### EXTRACTED INFORMATION

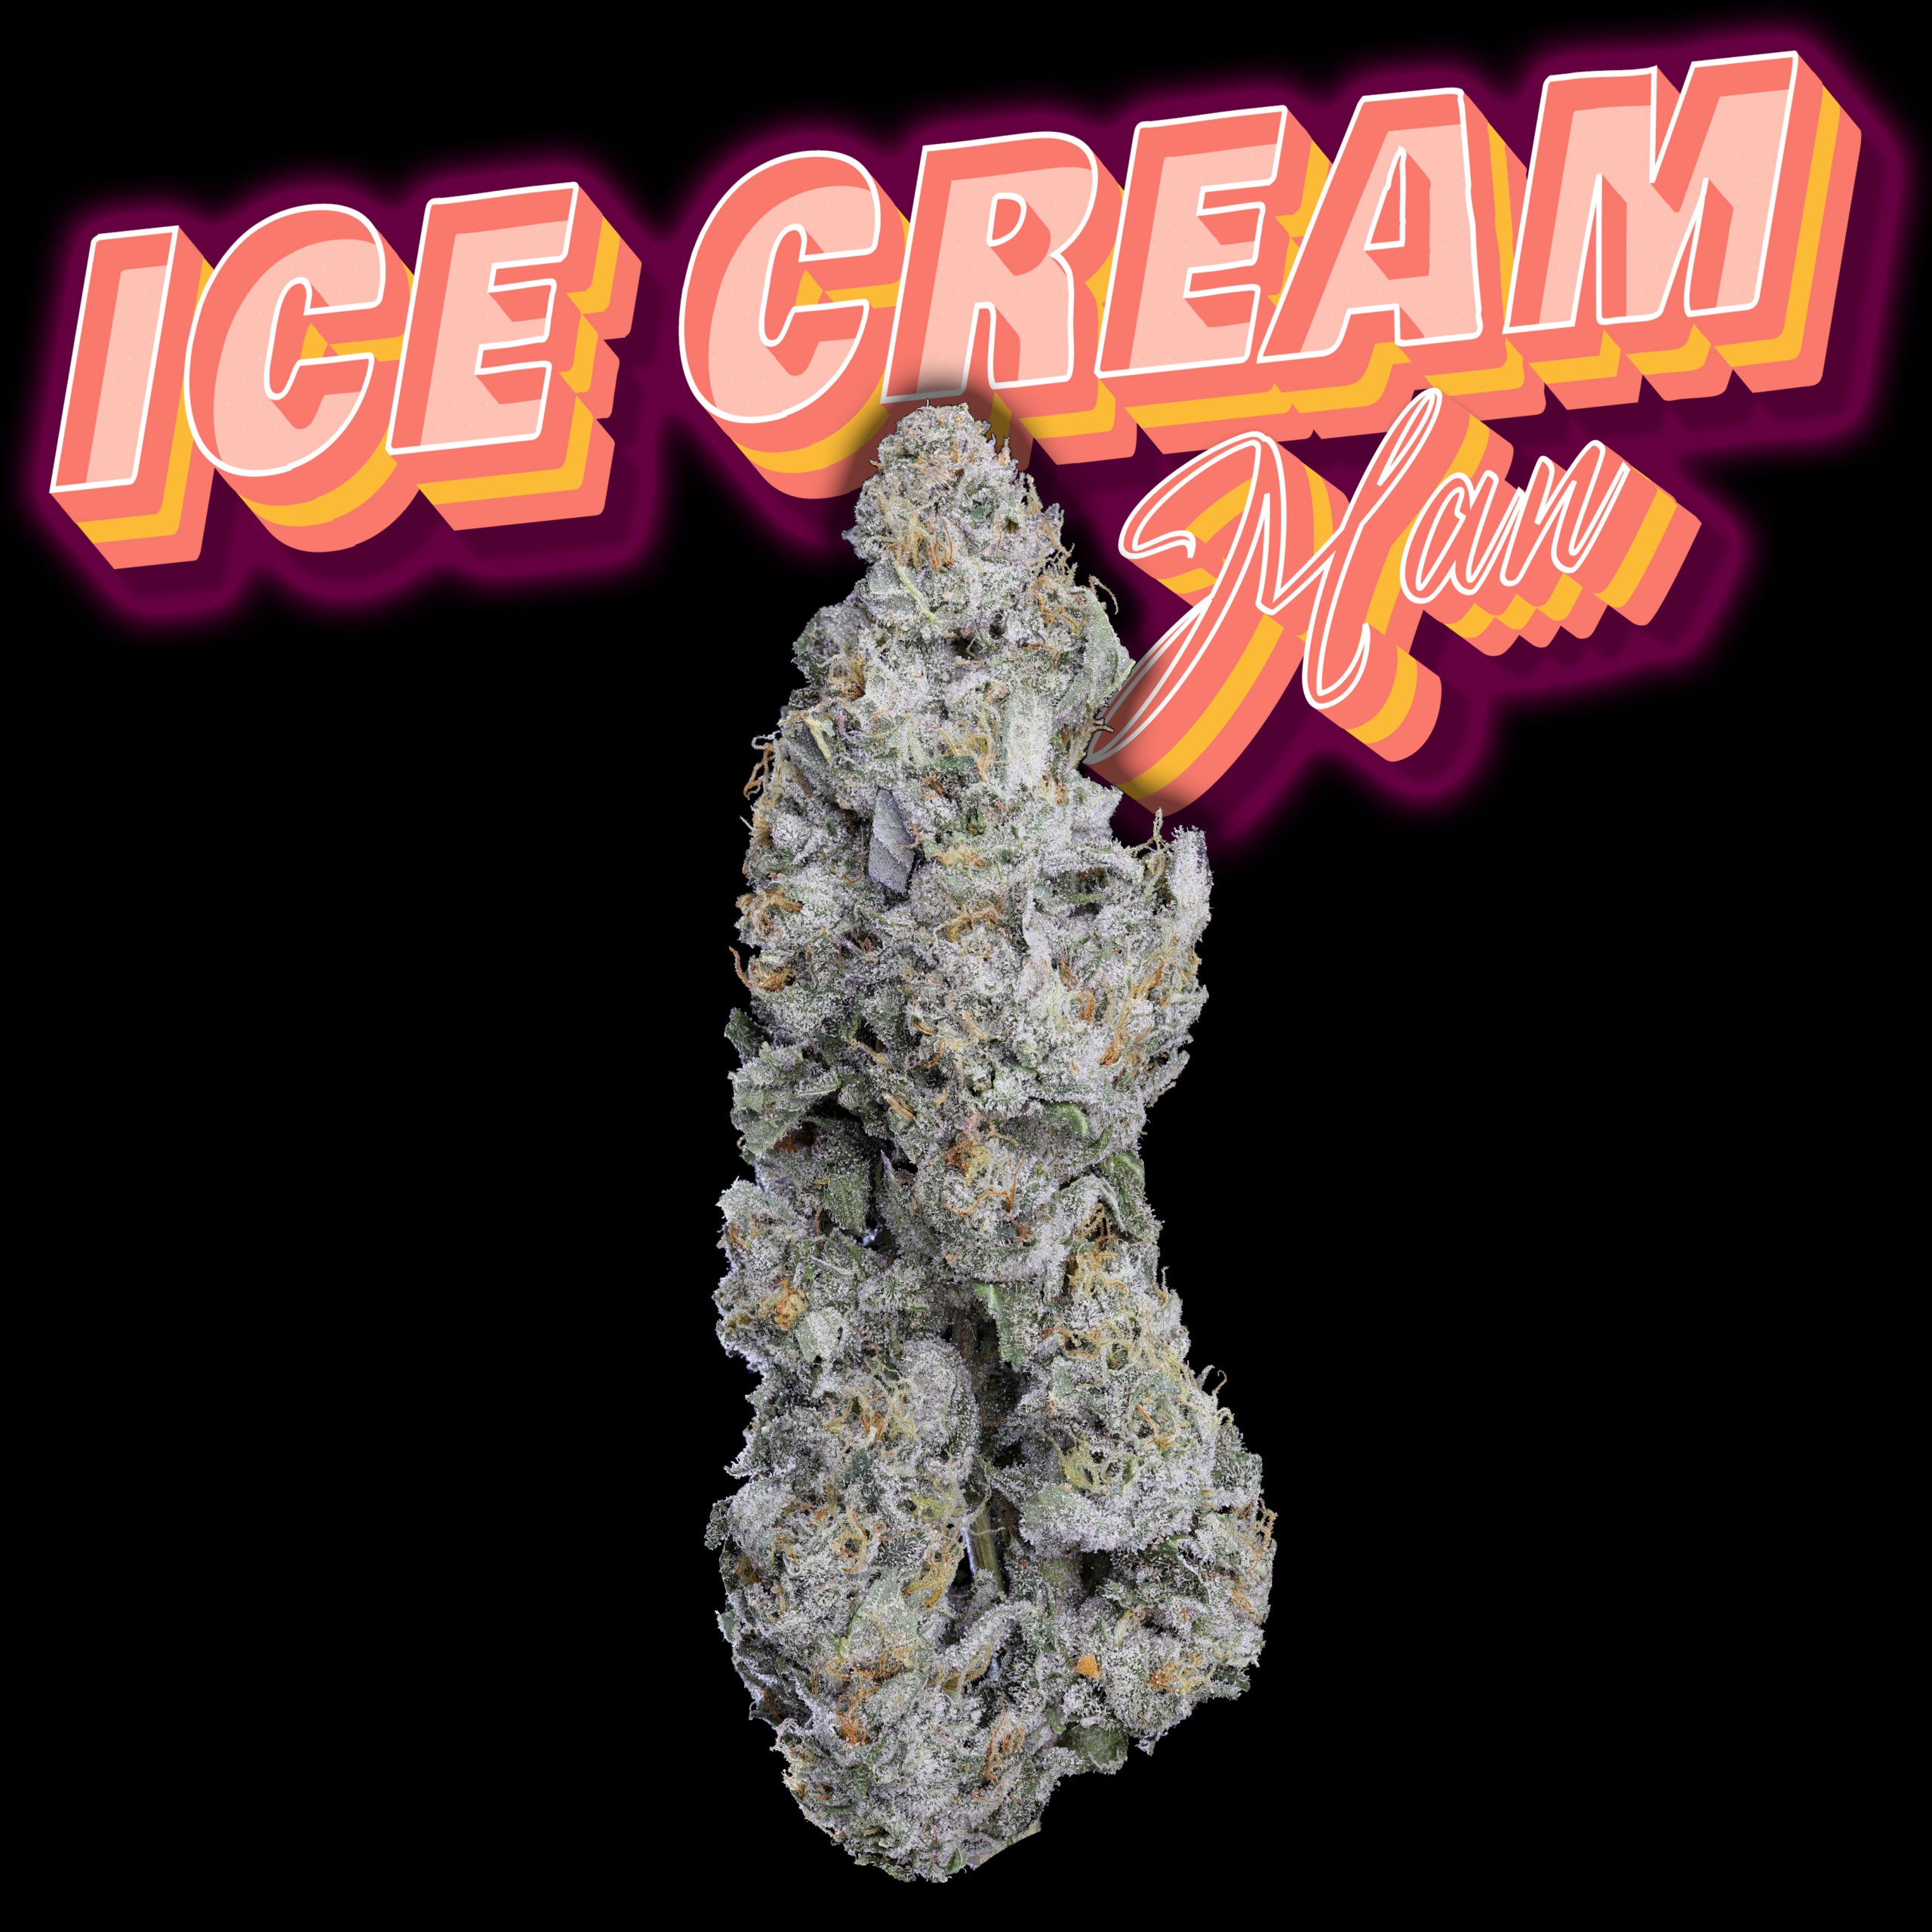 Ice Cream Man Thumbnail
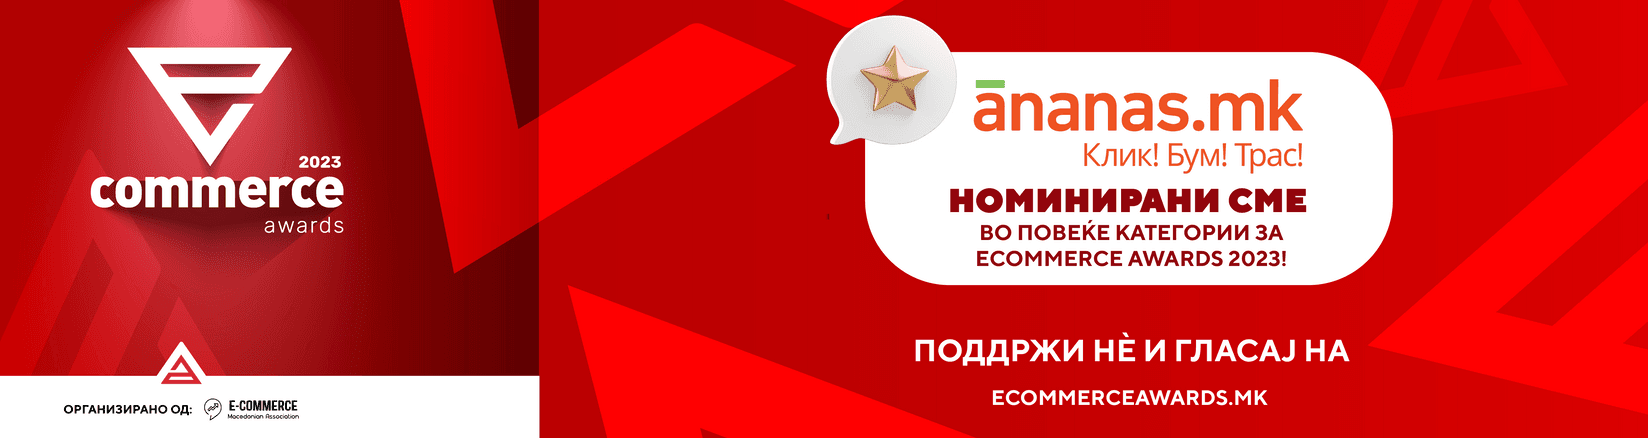 Поддржи нè и гласај за нас на Ecommerce Awards 2023
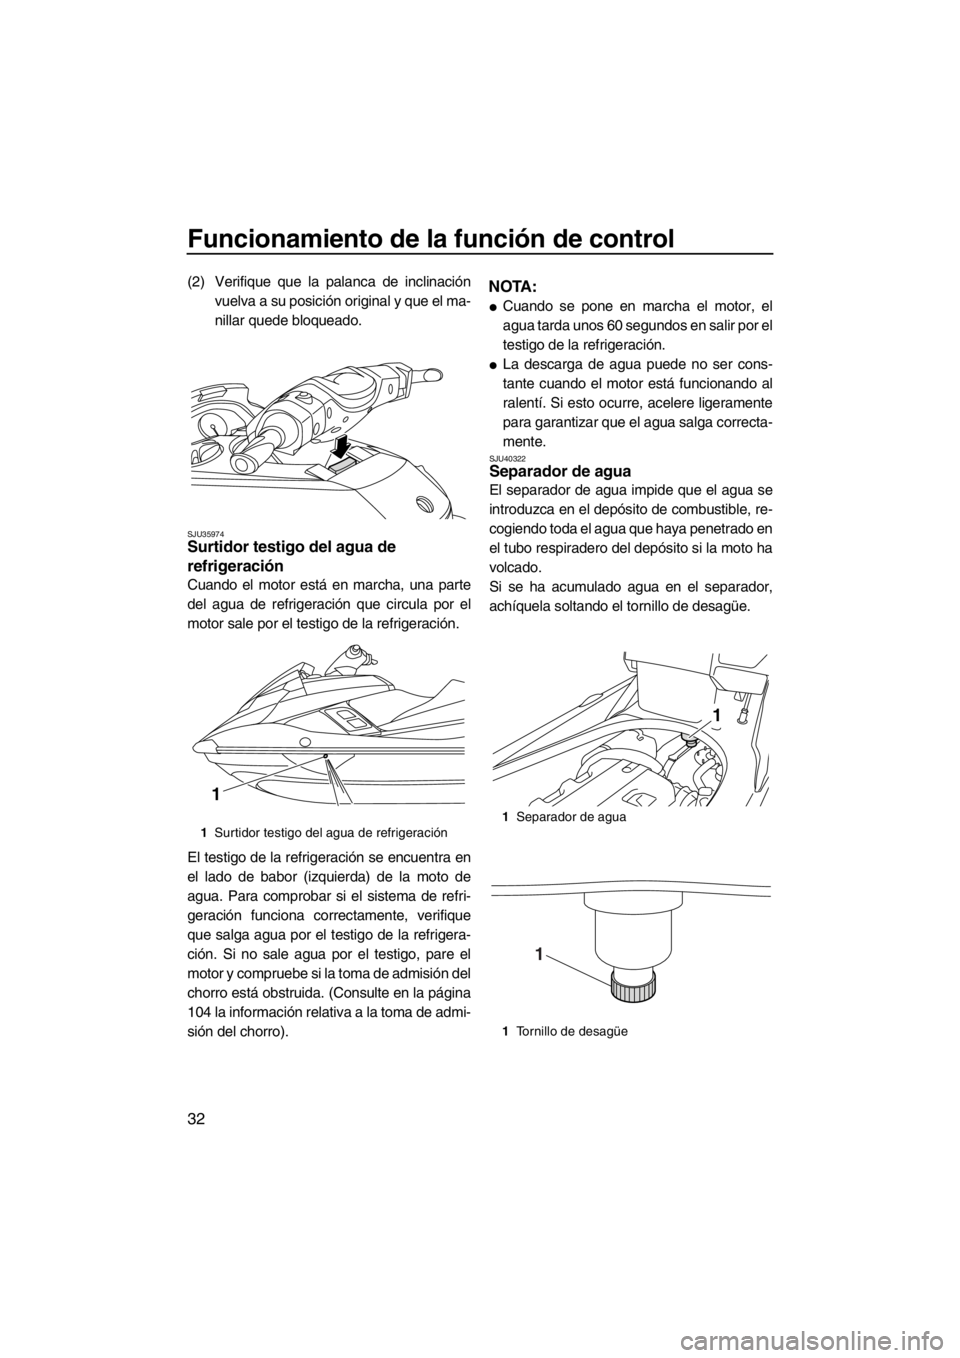 YAMAHA FX HO CRUISER 2012  Manuale de Empleo (in Spanish) Funcionamiento de la función de control
32
(2) Verifique que la palanca de inclinación
vuelva a su posición original y que el ma-
nillar quede bloqueado.
SJU35974Surtidor testigo del agua de 
refri
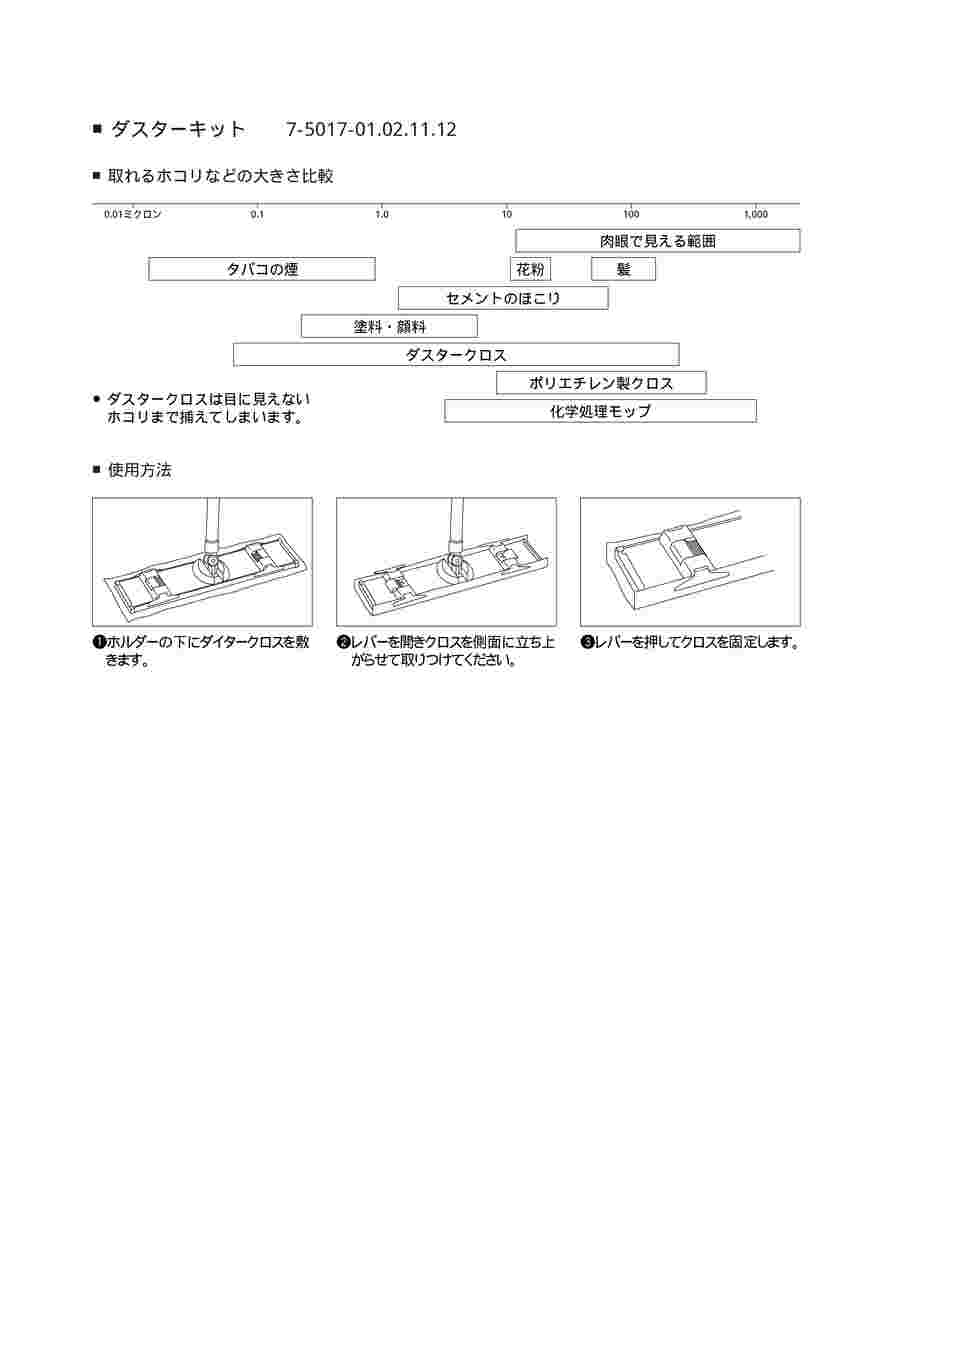 7-5017-01 ダスターキット S 430×100 D/KIT S 【AXEL】 アズワン

### PROBLEM DETAILS
Once the pictures are set aside, give the rest of the material again unchanged.

### EXERCISE OUTPUT
 Ice Cream Man Thumbnail
 Поддржи нè и гласај за нас на Ecommerce Awards 2023
 YAMAHA FX HO CRUISER 2012  Manuale de Empleo (in Spanish) Funcionamiento de la función de control
32
(2) Verifique que la palanca de inclinación
vuelva a su posición original y que el ma-
nillar quede bloqueado.
SJU35974Surtidor testigo del agua de 
refri
 7-5017-01 ダスターキット S 430×100 D/KIT S 【AXEL】 アズワン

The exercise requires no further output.